FTC: Some Sense At Last

GalleyCat’s Ron Hogan has finally managed to talk some sense about the new FTC regulations, rather than the ridiculous scaremongering of the past few days. Some of the latest post bears quoting:

“If people think that the FTC is going to issue them a citation for $11,000 because they failed to disclose that they got a free box of Pampers,” Cleland says, “that’s not true.”

“We have never brought a case against a consumer endorser and we’ve never brought a case against somebody simply for failure to disclose a material connection,” he explains. “Where we have brought cases, there are other issues involved, not only failing to disclose a material connection but also making other misrepresentations about a product, a serious product like a health product or something like that. We have brought those cases but not against the consumer endorser, we have brought those cases against the advertiser that was behind it.”
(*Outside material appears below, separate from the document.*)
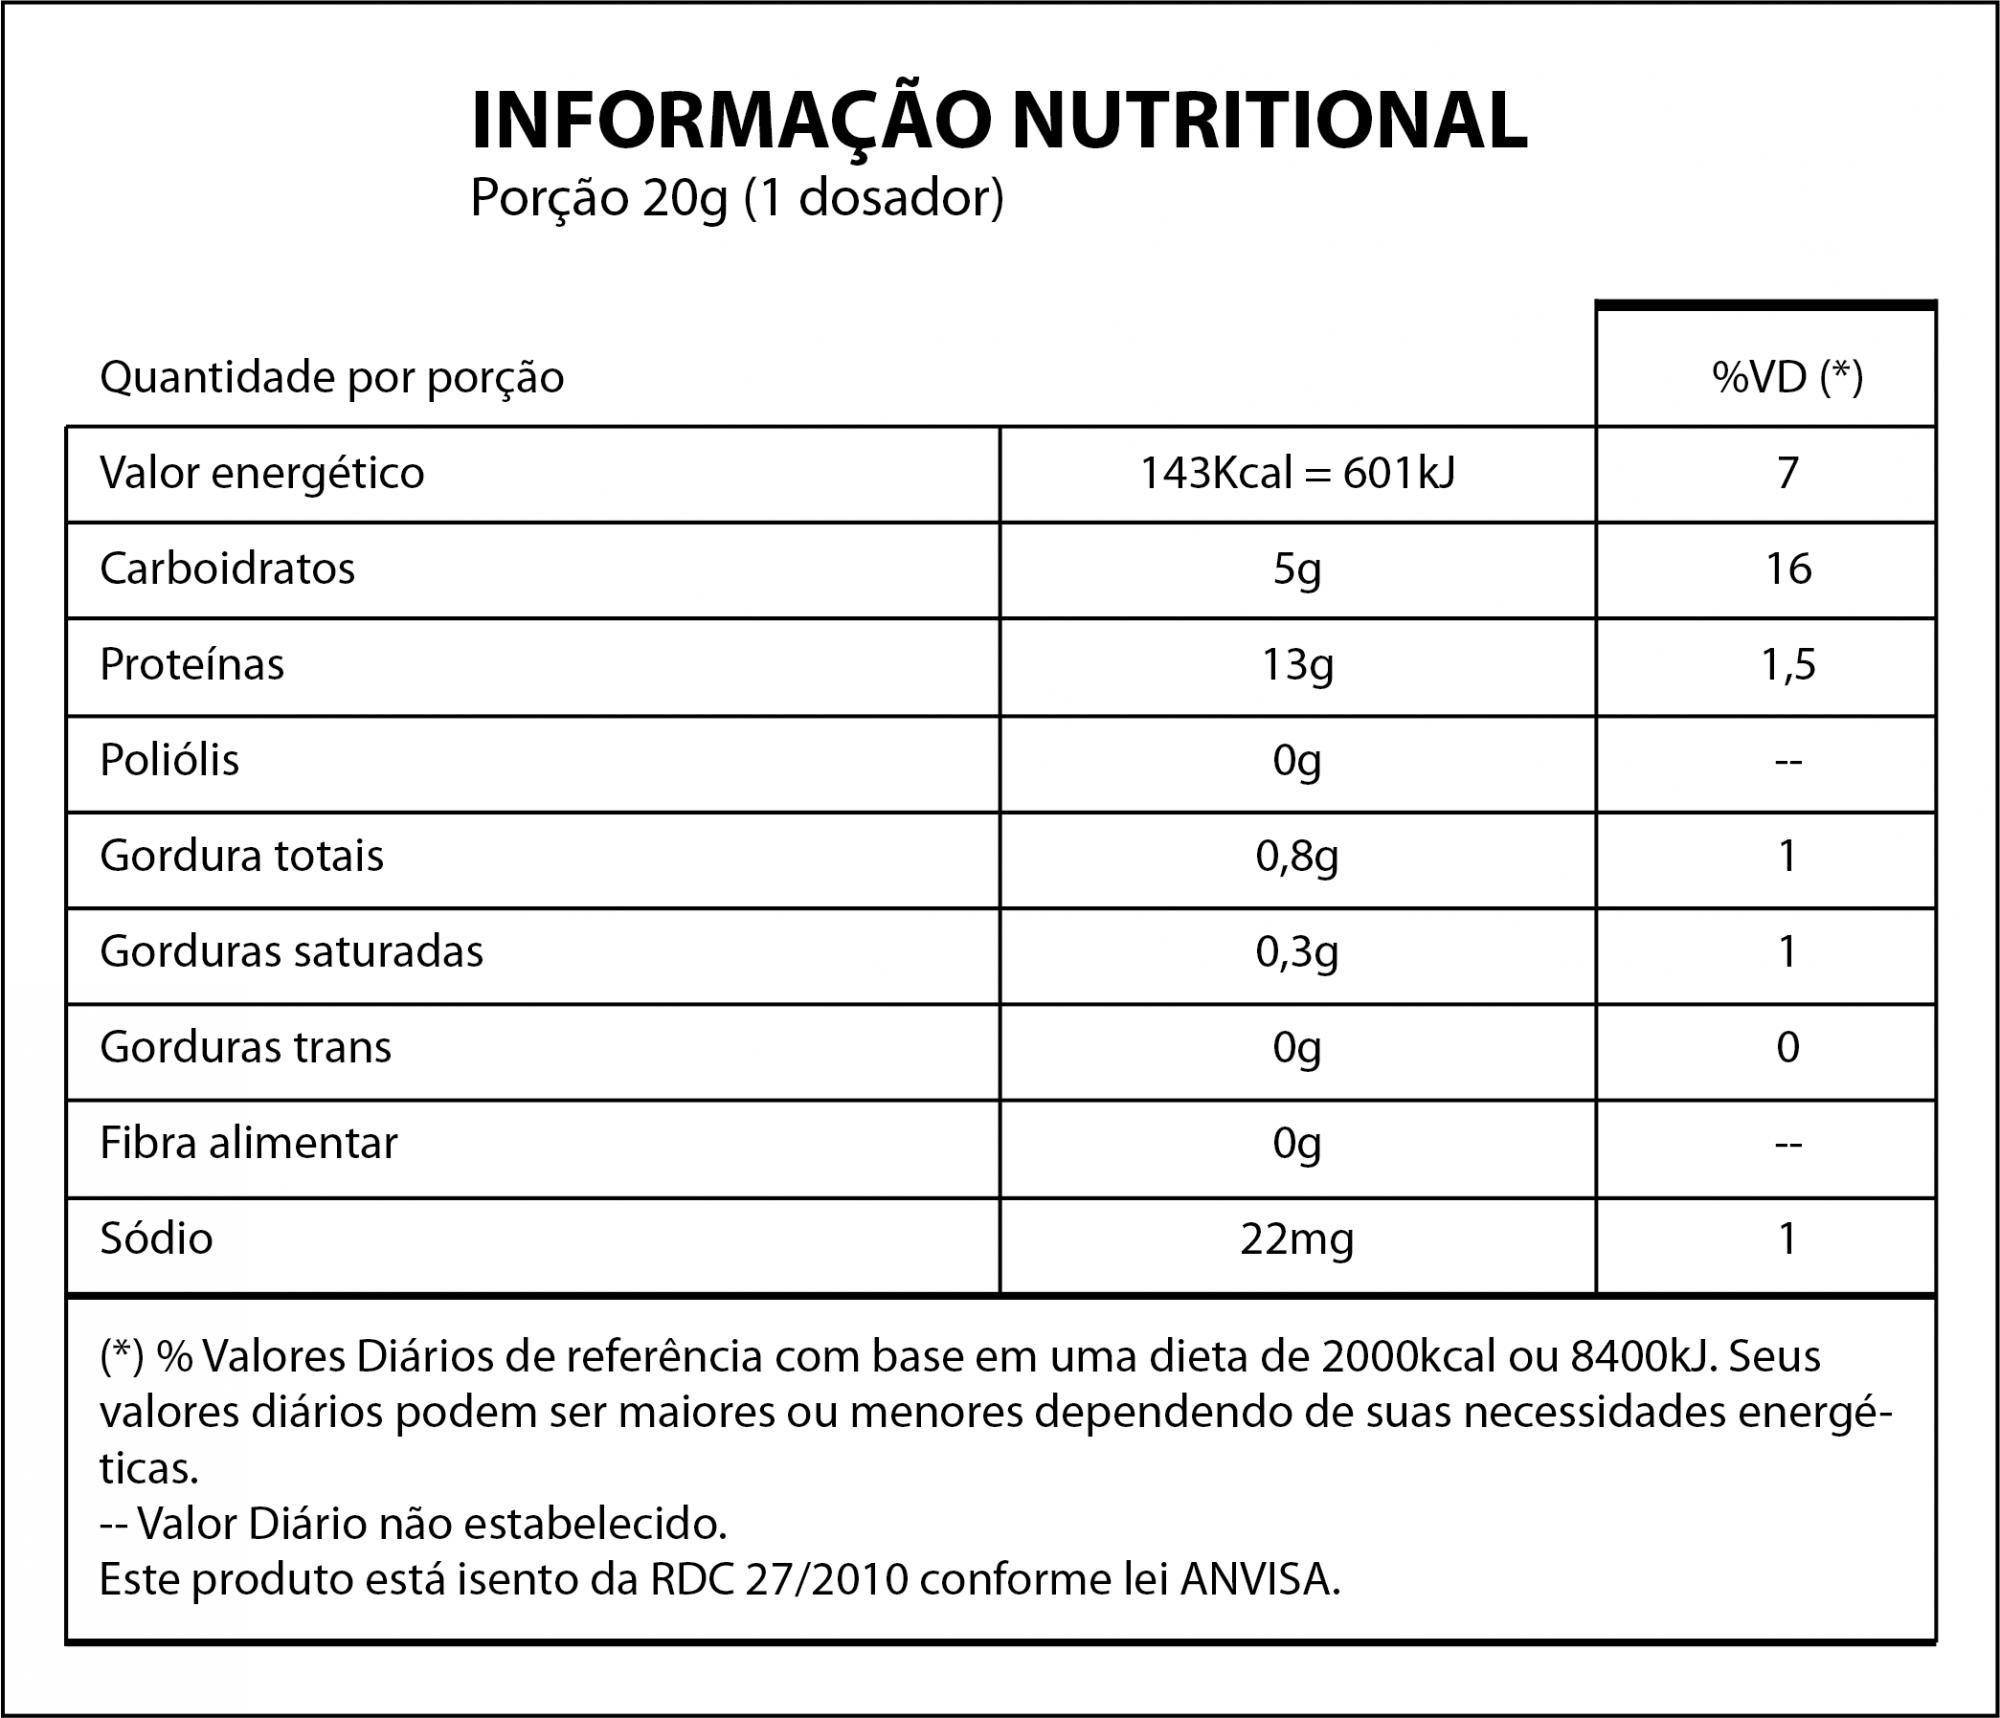 Kit Whey Health Crescimento Muscular - Whey Protein 900g + bcaa 120caps + creatina 150g  + gluta 150g  + coqueteleira

So, as I expected, no book reviewer is likely to be subject to massive fines. You can all stop hyperventilating now. (Or alternatively start talking about how the FTC is “obviously lying”, if you prefer.)

The GalleyCat post then goes on to talk about what this will mean for publishers, who are going to have to try to ensure that people they send freebies to do make unreasonable claims for those products.

You should note that all of the examples of possible unreasonable claims come from non-fiction books. Hogan admits that even silly hyperbole about a work of fiction is unlikely to attract the attention of the FTC. Even if you claimed that reading the latest Neal Stephenson caused you to lose weight because of all the effort needed to carry it around you’d probably be OK.

But there is still an outstanding question as to what is a legitimate review publication and what is a “celebrity endorsement”. The FTC clearly views bloggers as minor celebrities. But does that apply to everything published online? I would argue that Emerald City very clearly presented itself as a book review publication, whereas this blog is equally clearly my personal opinion. I ask that question because many of the people I have seen hyperventilating about the FTC ruling online have been people who run blogs or web sites that are very clearly dedicated primarily to book reviewing.

The people who I think may be covered by this sort of thing are folks like John Scalzi who very clearly are minor celebrities and whose blogs, like mine, are not mostly given over to reviews. But even then, as John mostly talks about fiction, he’s probably OK.